Problem requirements -
Copy word for word, please, the lines of the entries below running from the one containing "KENZO: Jungle bum" to the one containing "A Multilevel Understanding", both ends included.

Given data -
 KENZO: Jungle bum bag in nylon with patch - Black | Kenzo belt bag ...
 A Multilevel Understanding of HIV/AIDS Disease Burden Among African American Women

* * *

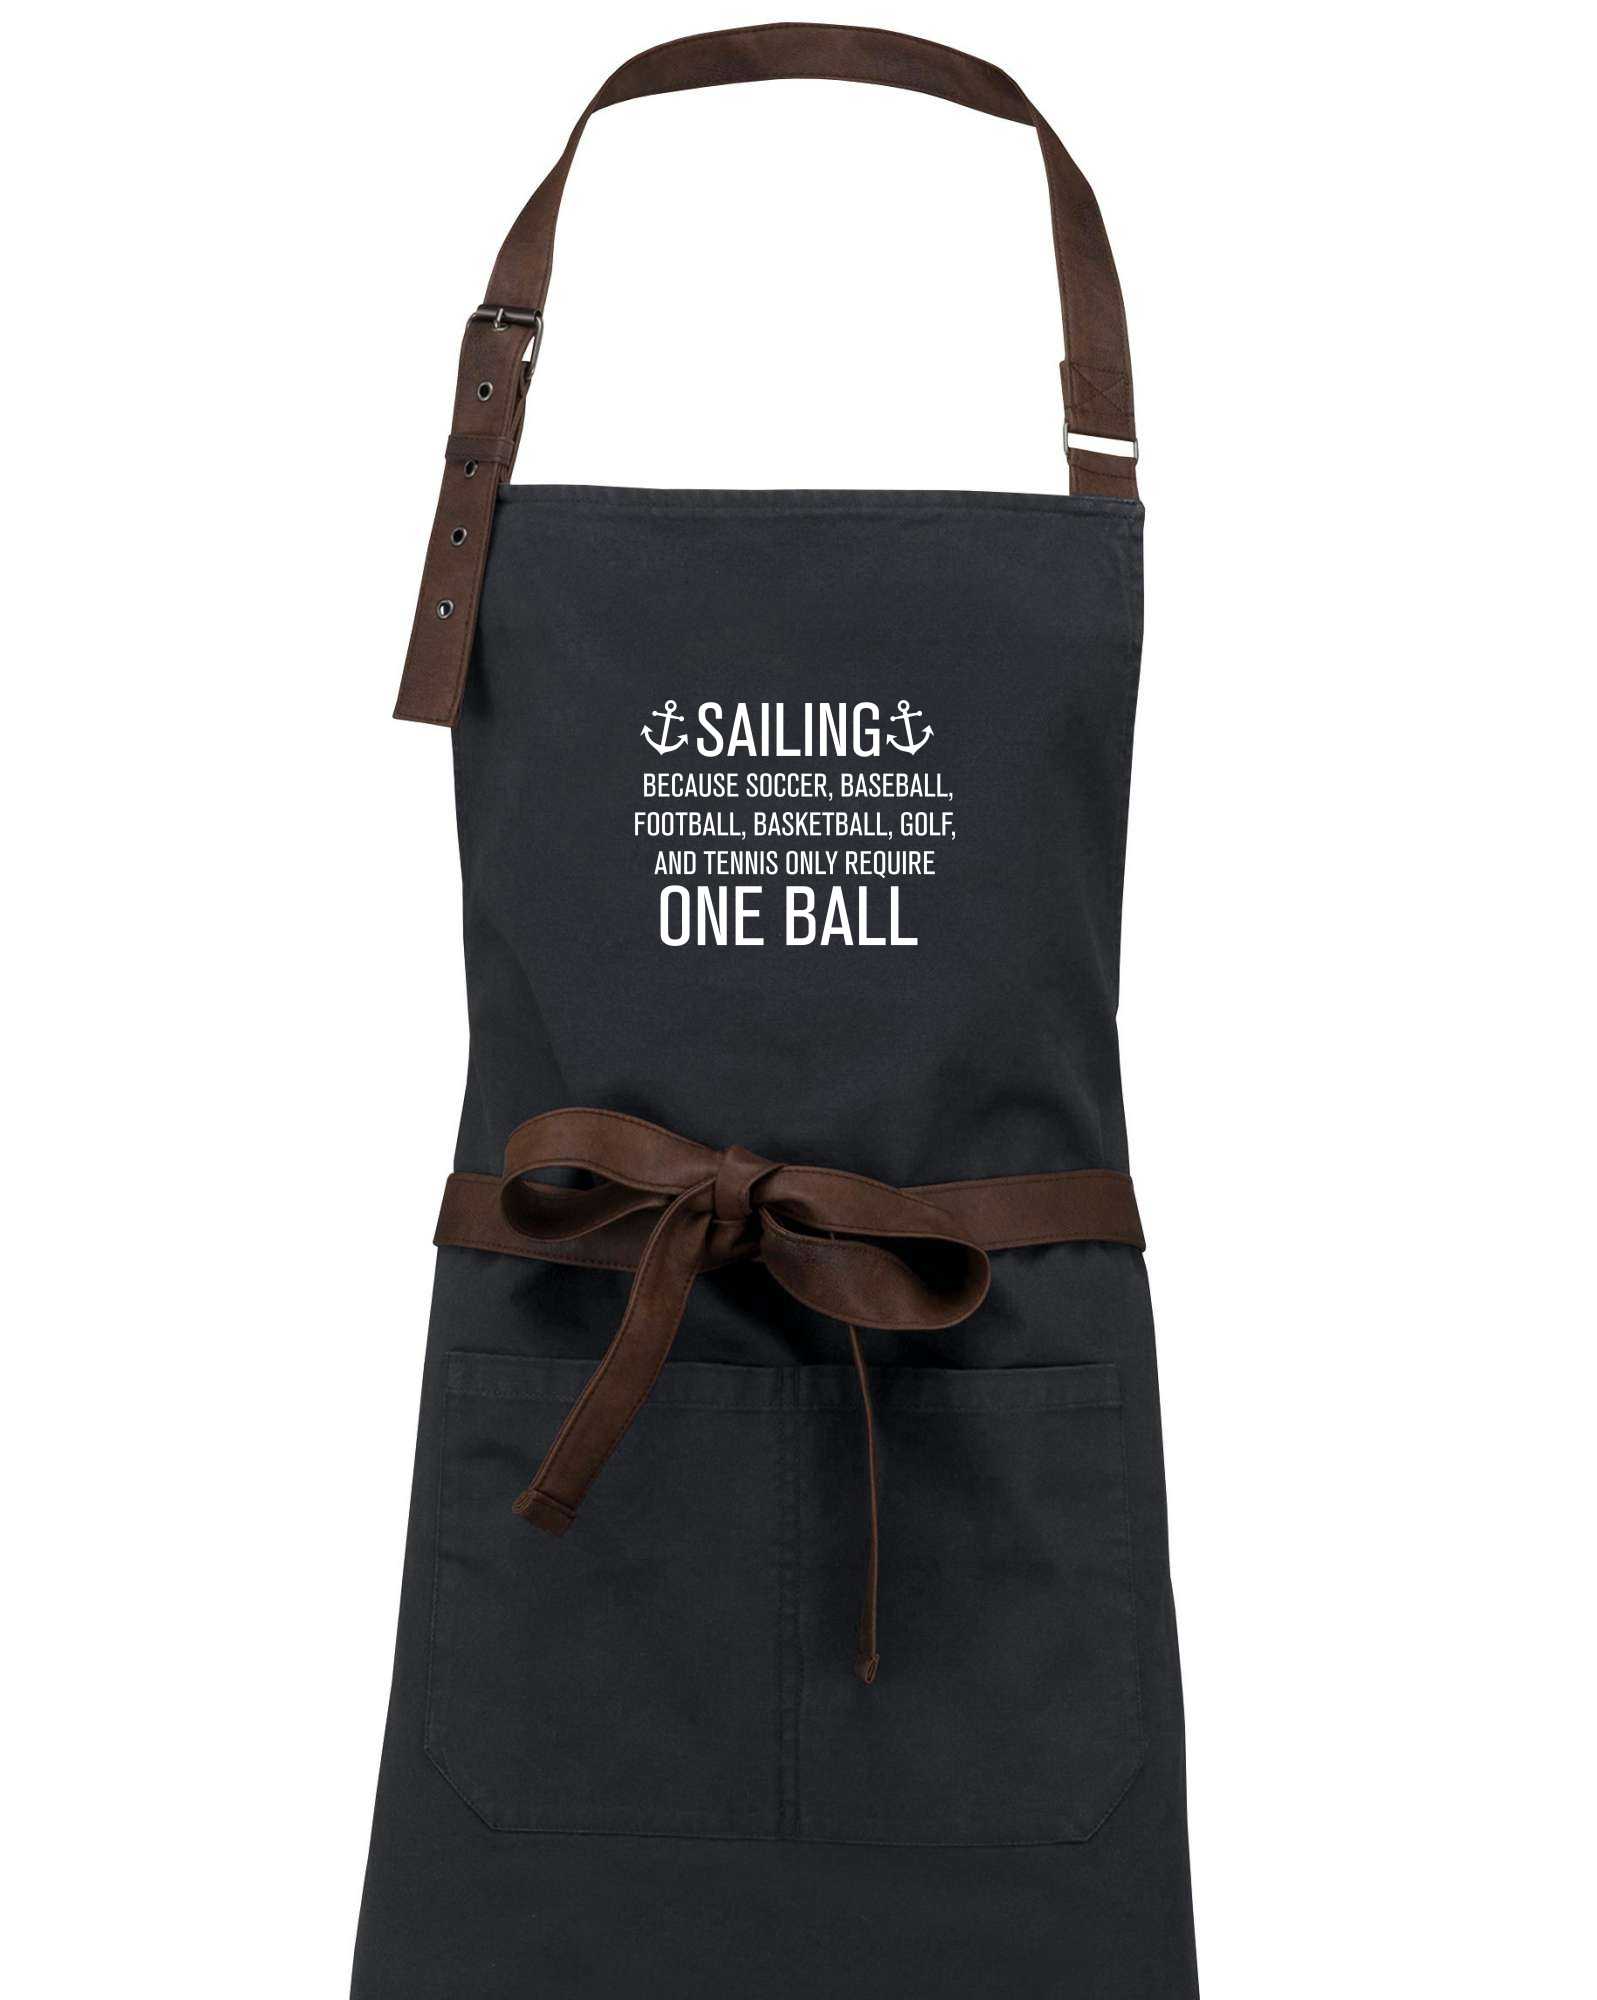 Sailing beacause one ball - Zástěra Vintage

==

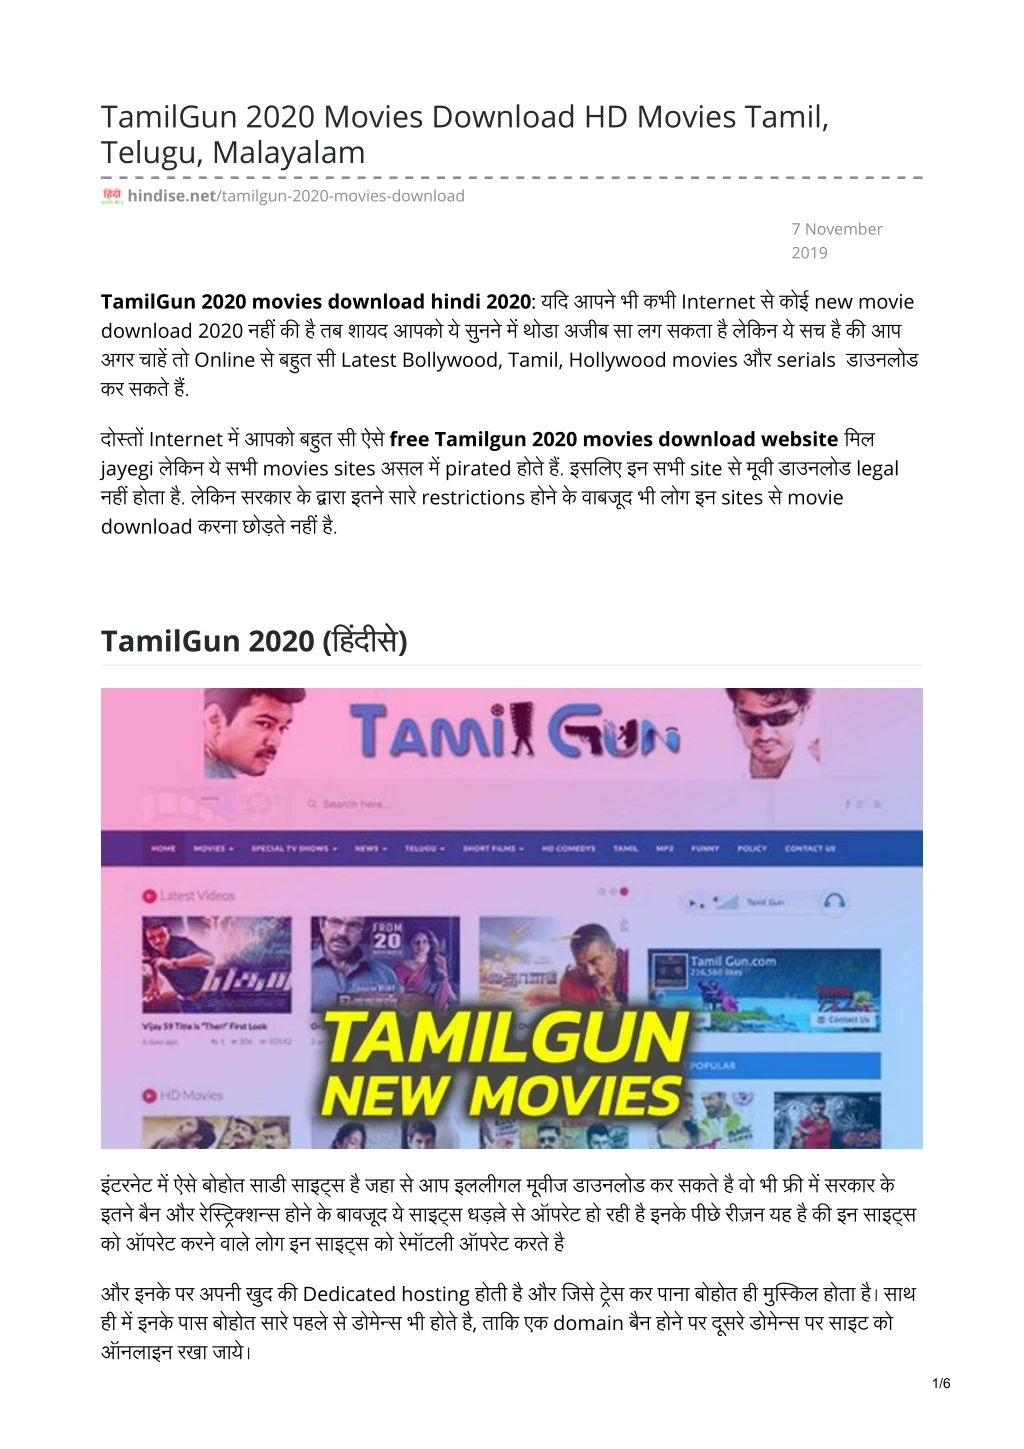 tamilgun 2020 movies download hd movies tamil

Your solution -
 KENZO: Jungle bum bag in nylon with patch - Black | Kenzo belt bag ...
 A Multilevel Understanding of HIV/AIDS Disease Burden Among African American Women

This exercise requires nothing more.